» Supplied data:
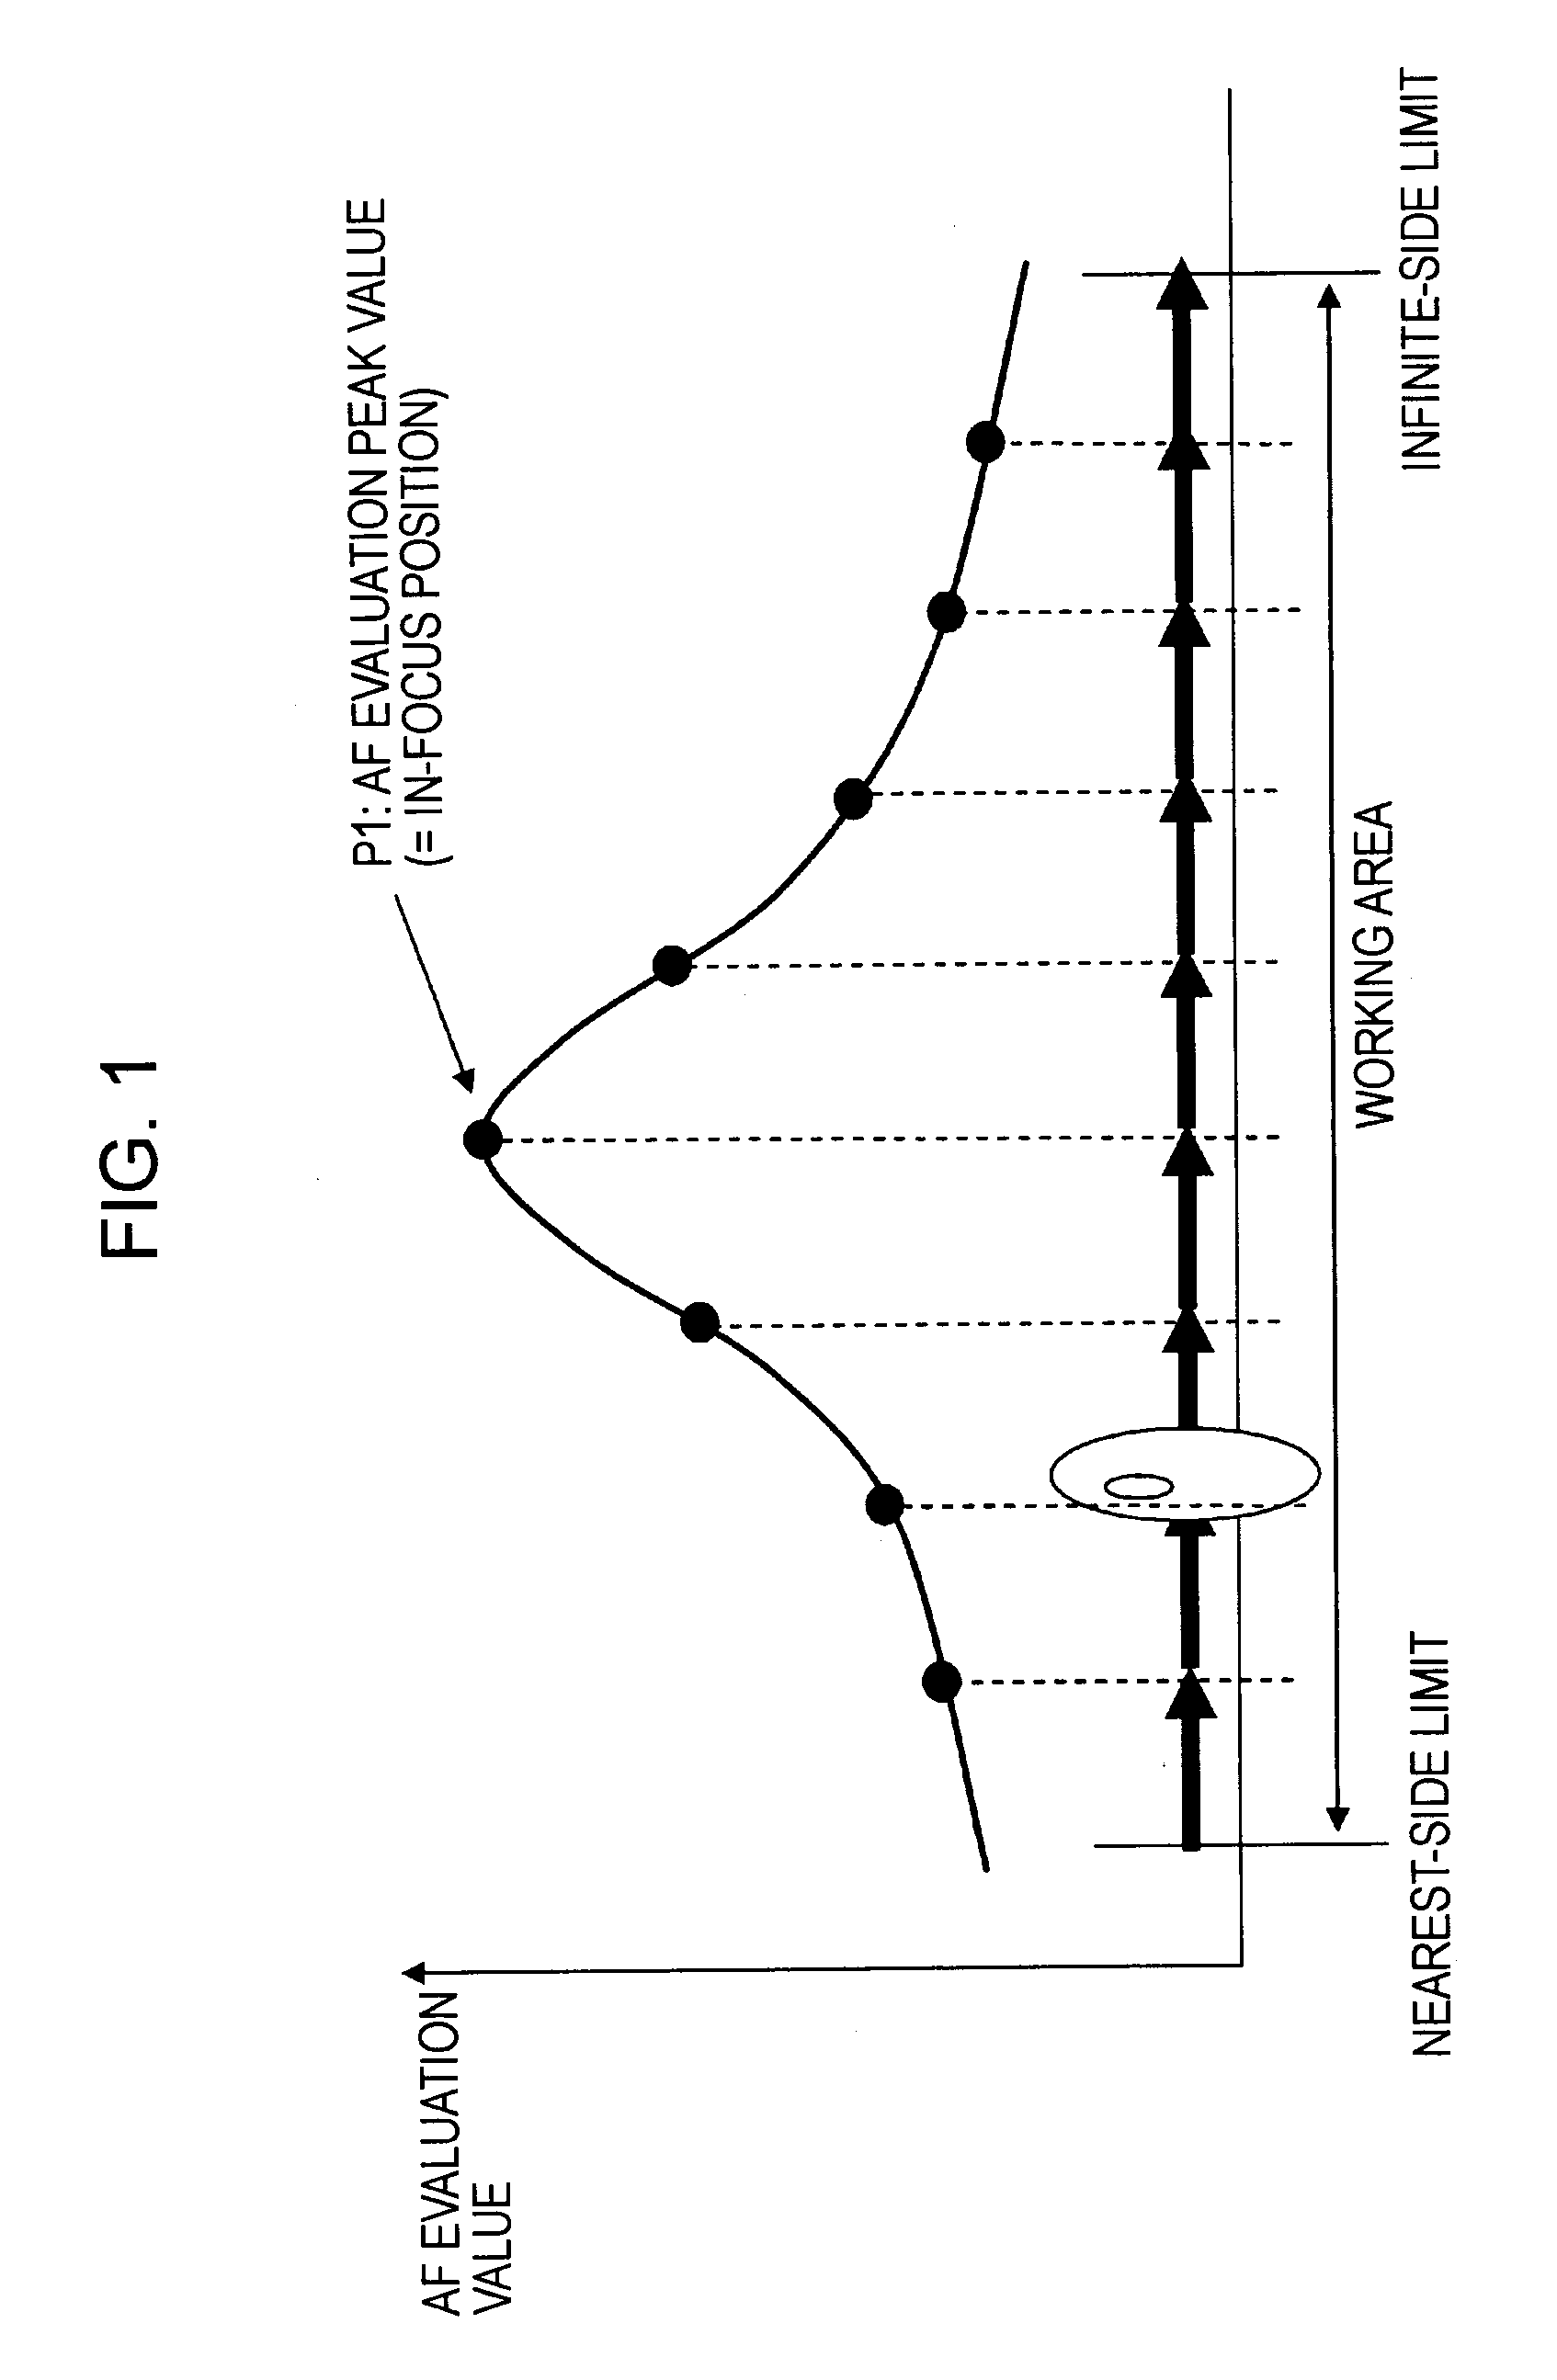 Image pickup apparatus, control method therefor, and computer program
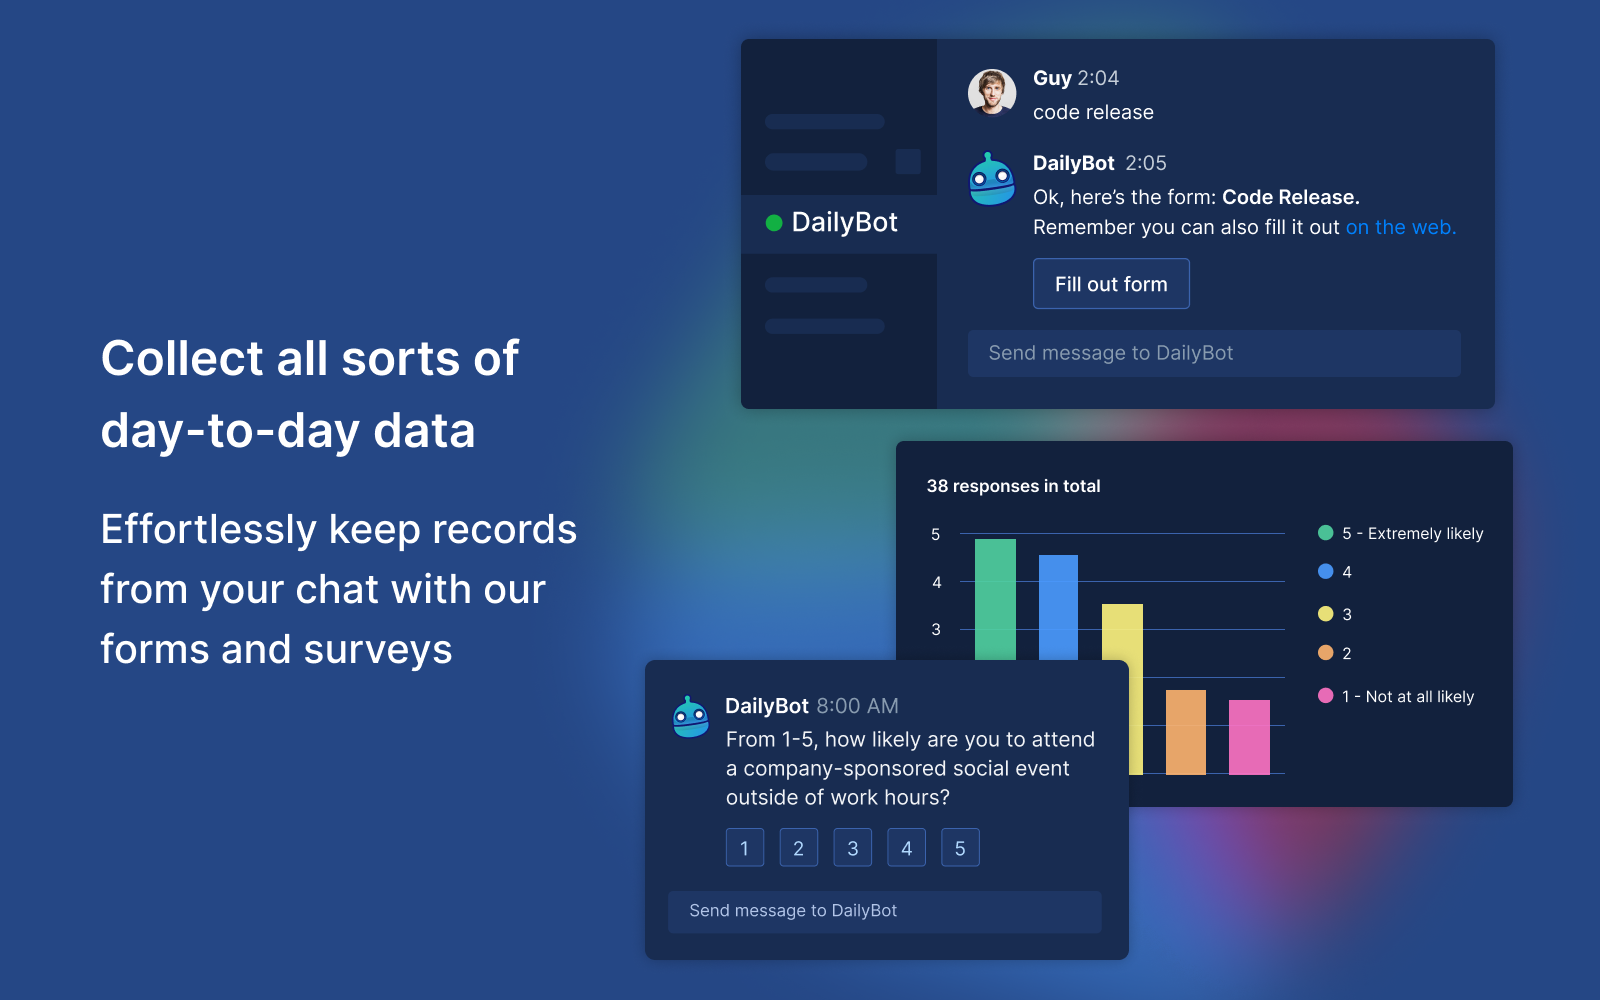 Collect all sorts of day-to-day data
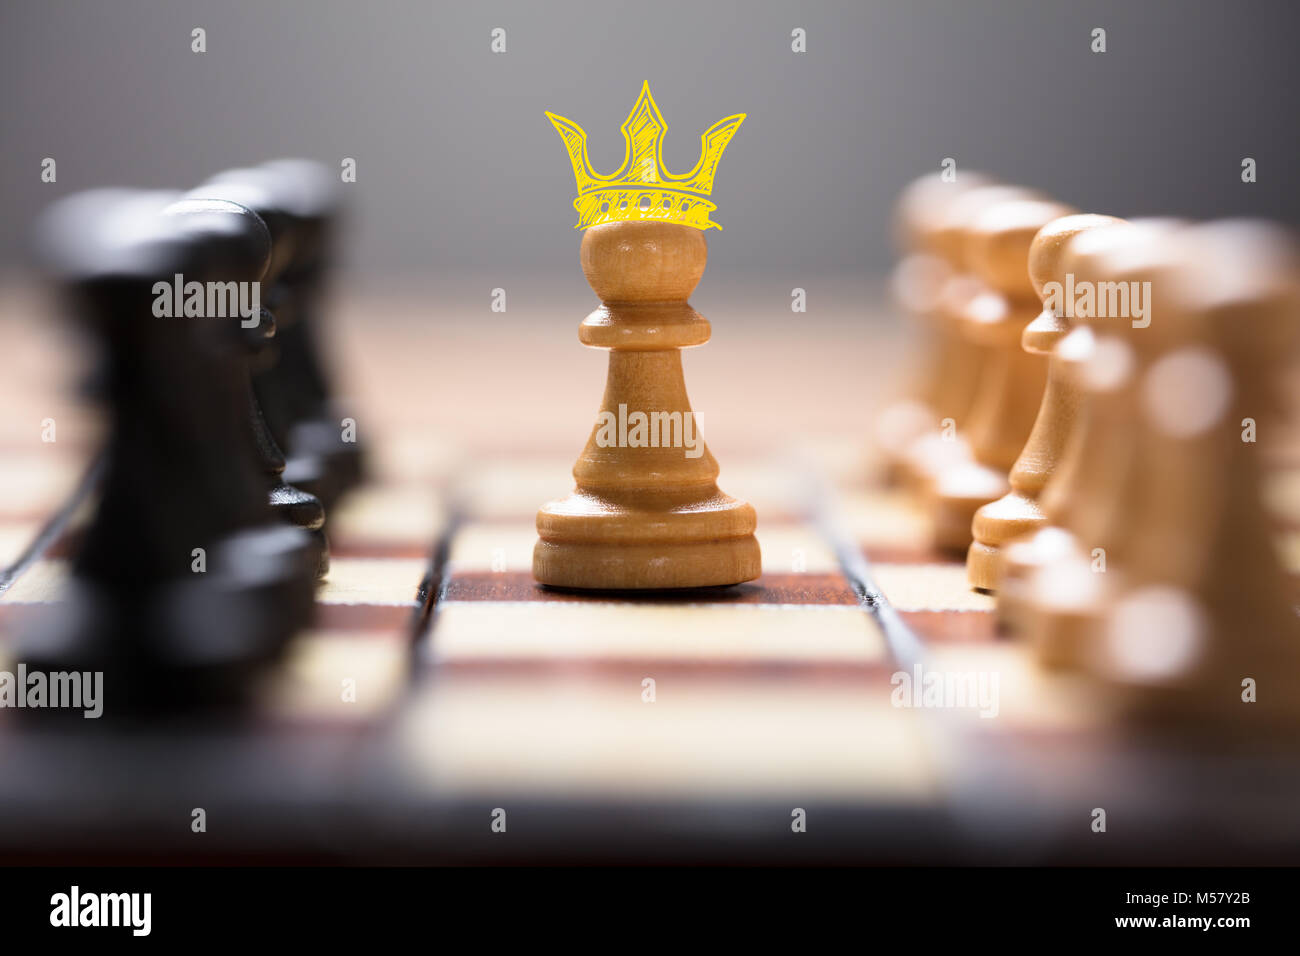 Closeup of pawn with king crown amidst chess pieces on board game representing leadership Stock Photo
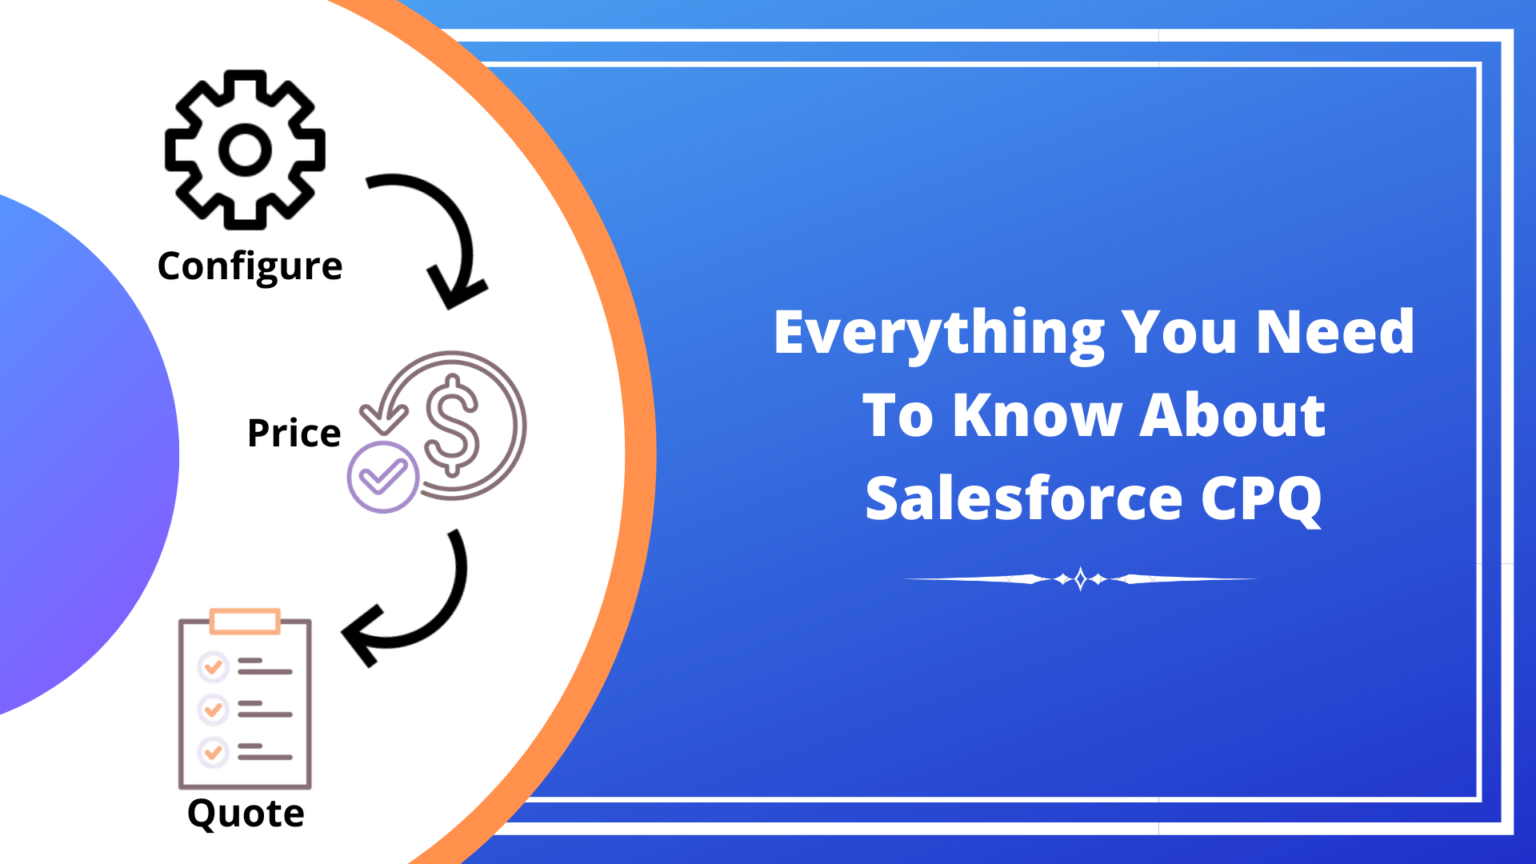 What is Salesforce CPQ and How It Benefits the Sales Team?

» Work order:
Copy the material exactly as written and leave every picture behind.

» Response area:
 Image pickup apparatus, control method therefor, and computer program
 Collect all sorts of day-to-day data
 Closeup of pawn with king crown amidst chess pieces on board game representing leadership Stock Photo
 What is Salesforce CPQ and How It Benefits the Sales Team?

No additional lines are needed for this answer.